Copyright and its Effects on Converging Media: Online Music Videos


Online music videos are everywhere on the internet, in your google search, on your Facebook wall, in blogs, and of course they can be found on YouTube. They are a product of converging media, video and music, located in a digital space that is accessible through your phone, your computer, and even through your tv these days. The issue these videos face is the intertwined relationship of convergence and copyright. 

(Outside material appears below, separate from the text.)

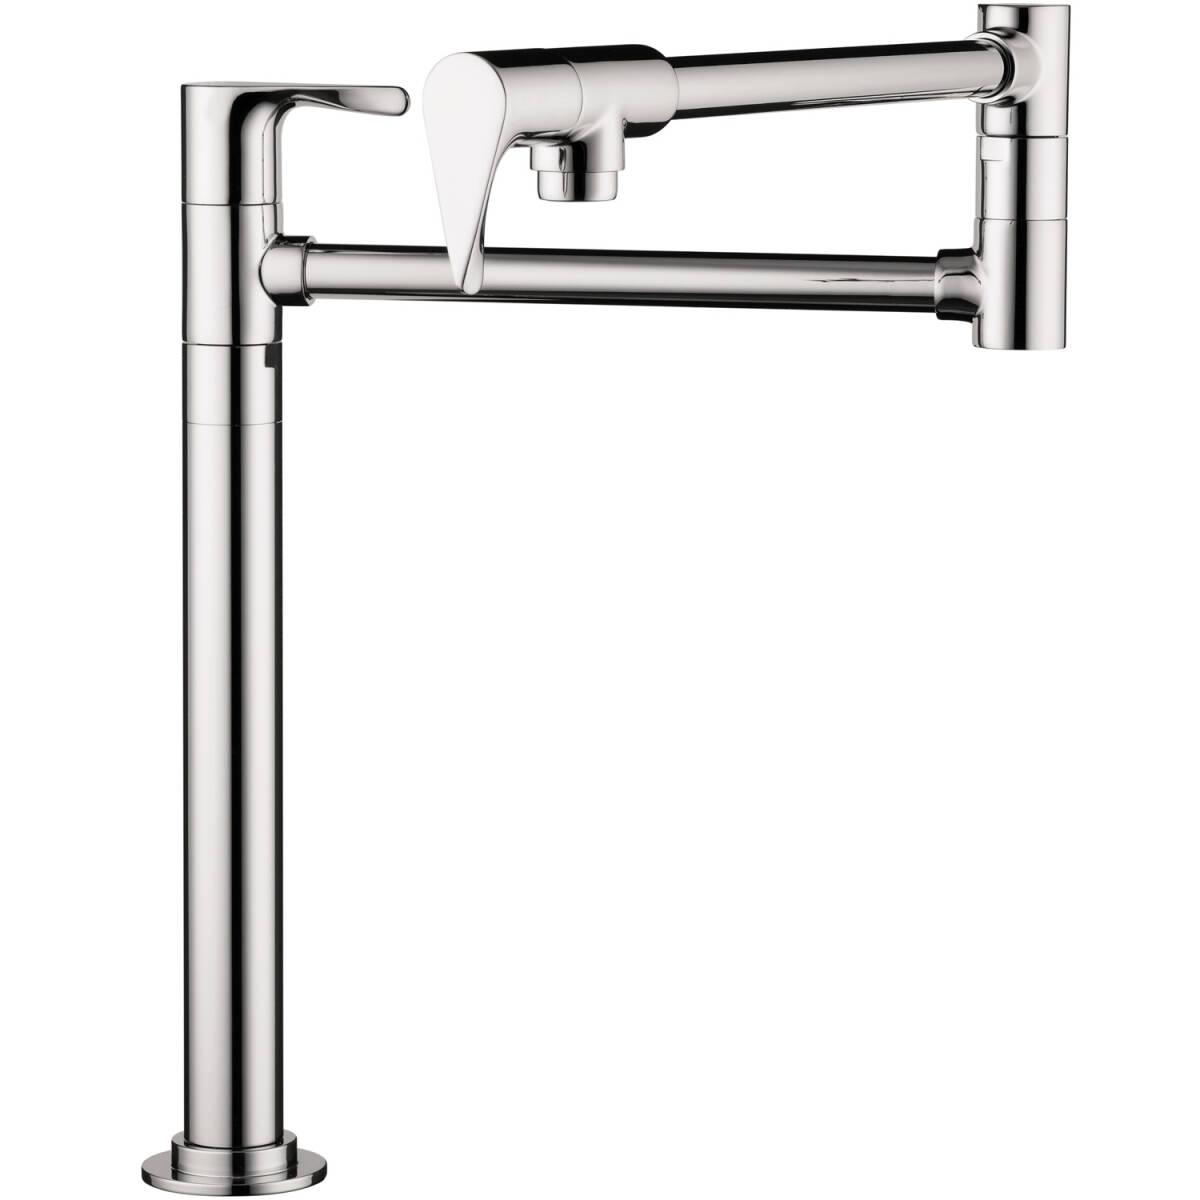 Single lever kitchen mixer deck-mounted, Chrome, 39838001
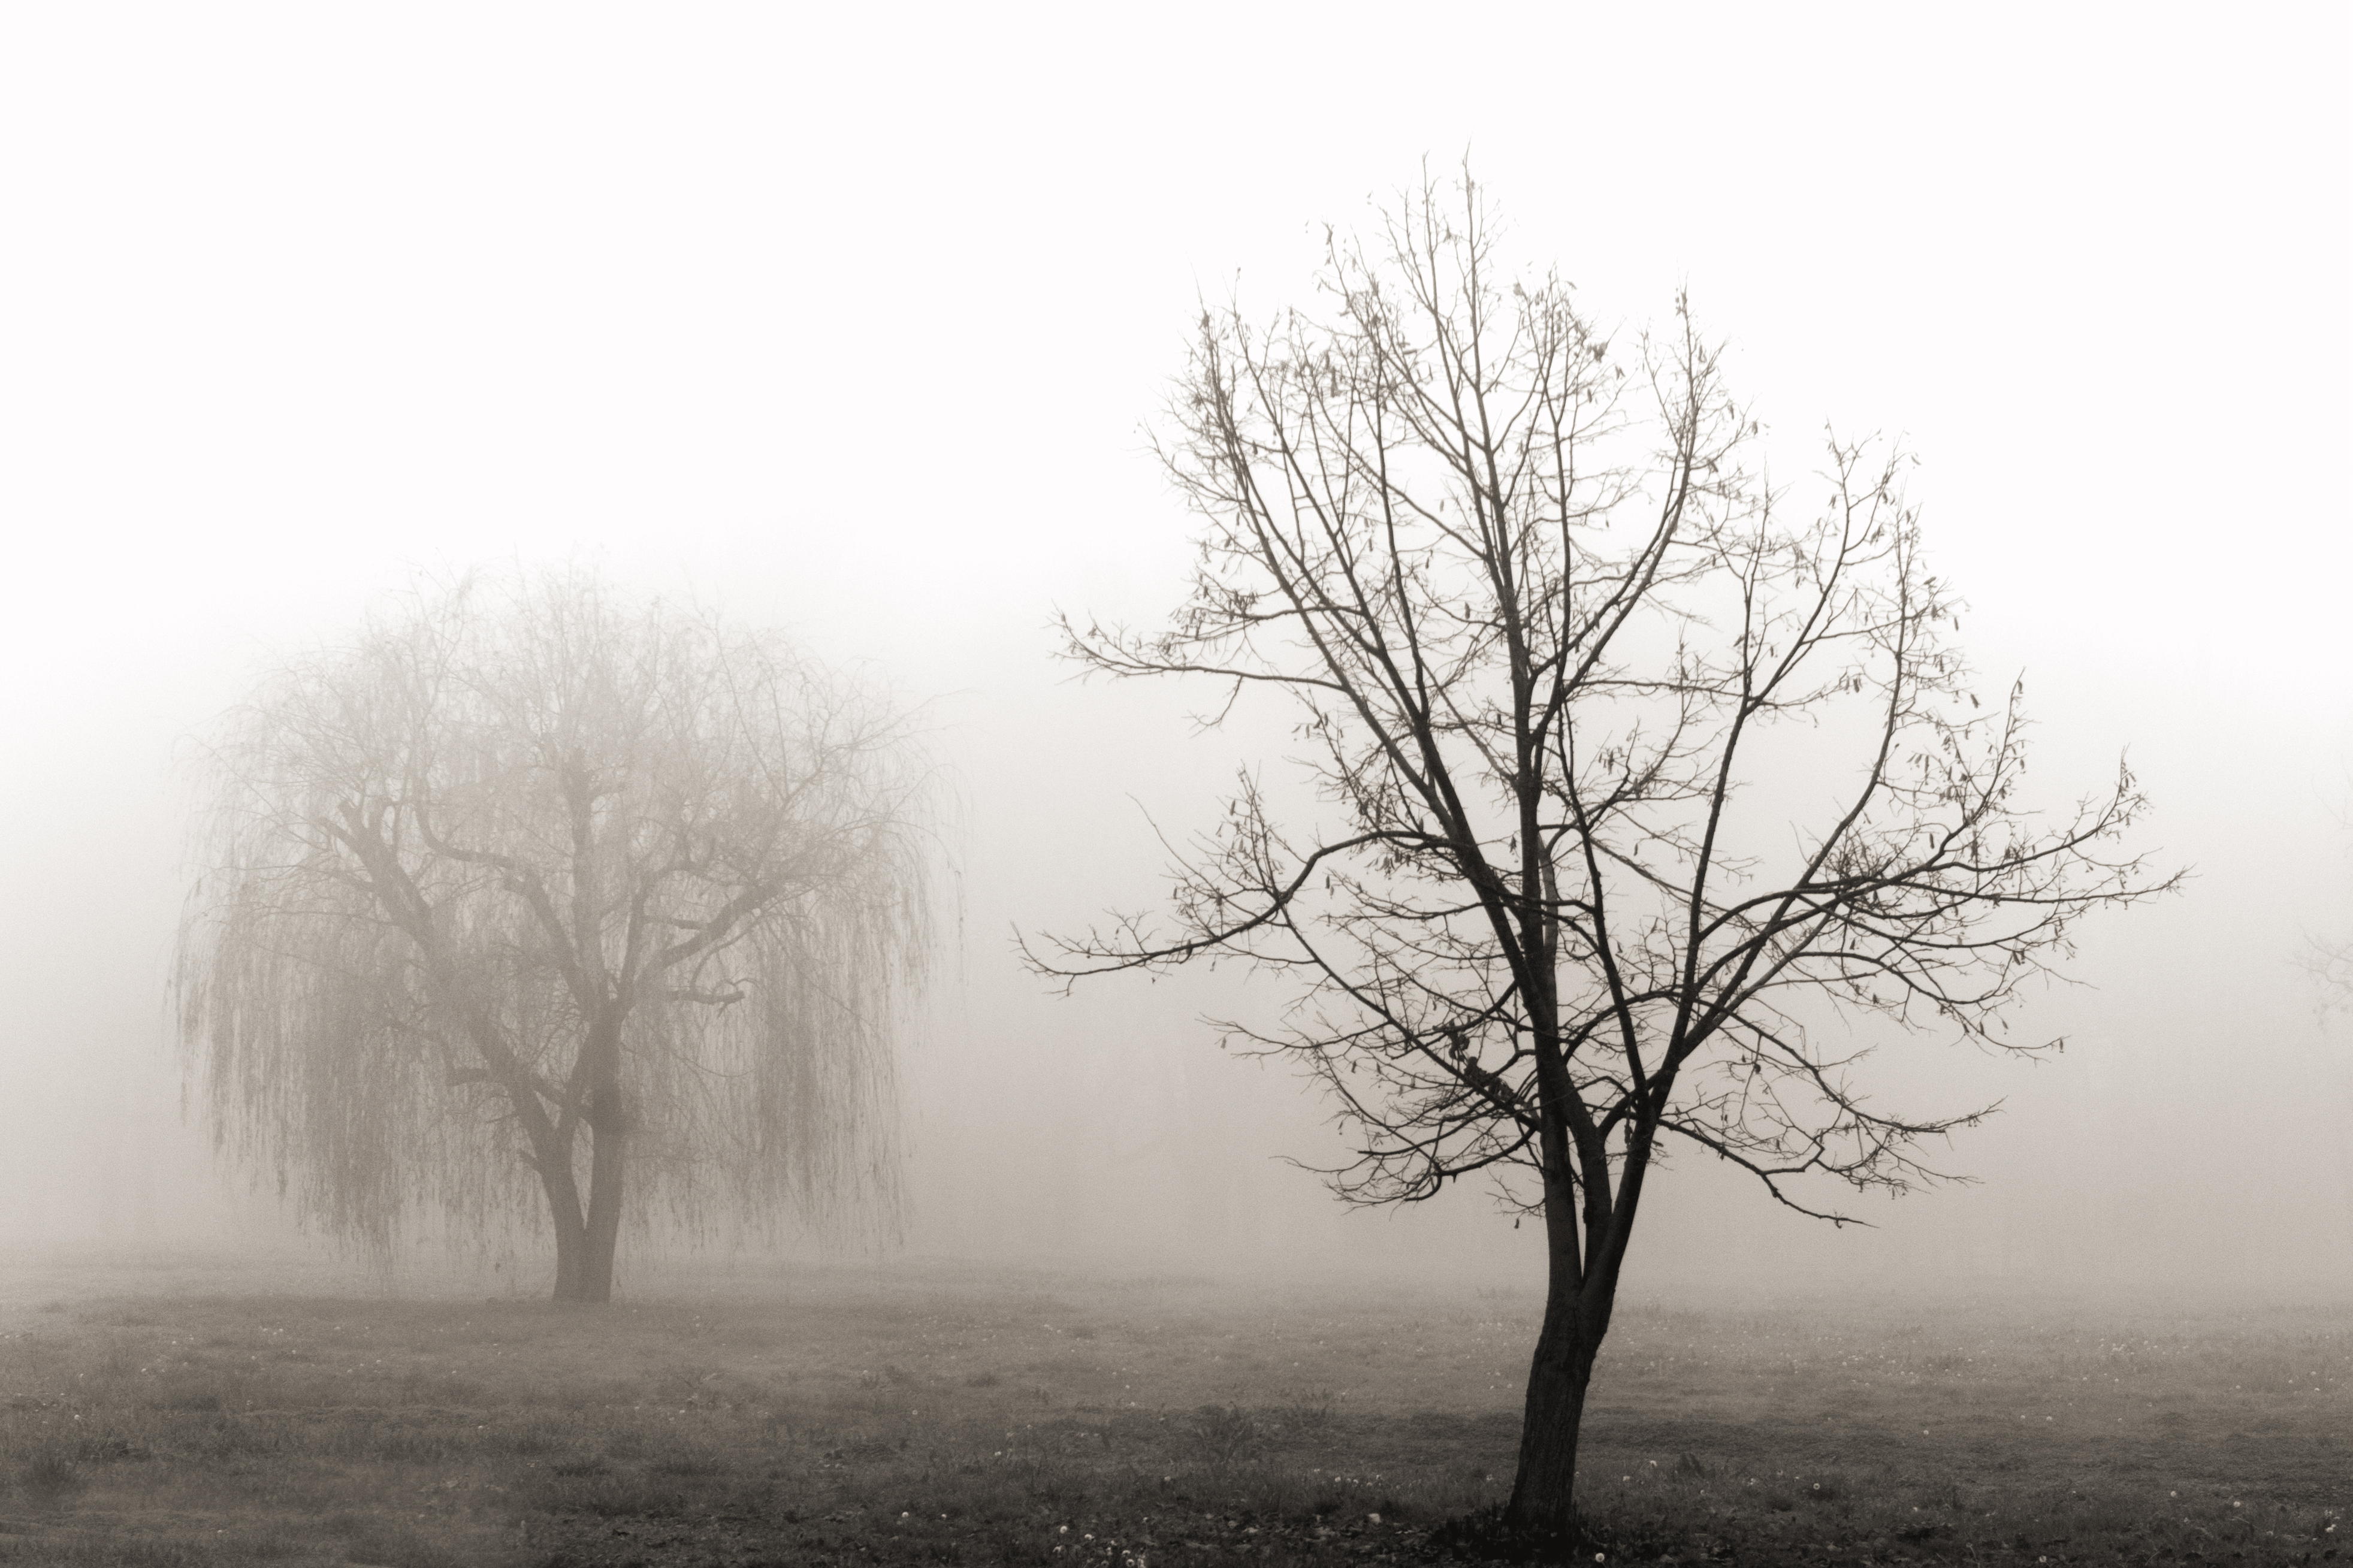 mist by housel1984

Over the last 200 years intellectual property has been protected by copyright law for the purpose of seeing that property enter the public domain and used to enhance culture by inspiring new works through derivation. However over these past 200 years we have seen copyright evolve and change with growing media industry reaching a point where copyright no longer lasts for a term of fourteen plus another fourteen years, and instead lasts a lifetime plus seventy. Currently media is run by an oligopoly of the seven dominant media moguls, which include Bertelsmann, Sony, News Corporation, Disney, Viacom, Vivendi and AOL-Time Warner; they use this oligopoly to control the distribution and use of “their” intellectual property (McChesney 2001). With the emergence of digital convergence we are seeing a crack in this control. Consumers have become producers of their own content, such as online music videos, through digital convergent sites like YouTube (Hilderbrand 2007). This puts them in conflict with the oligopoly, which then defends itself using an instrument, that was designed to protect the public, to attack it, that instrument is copyright.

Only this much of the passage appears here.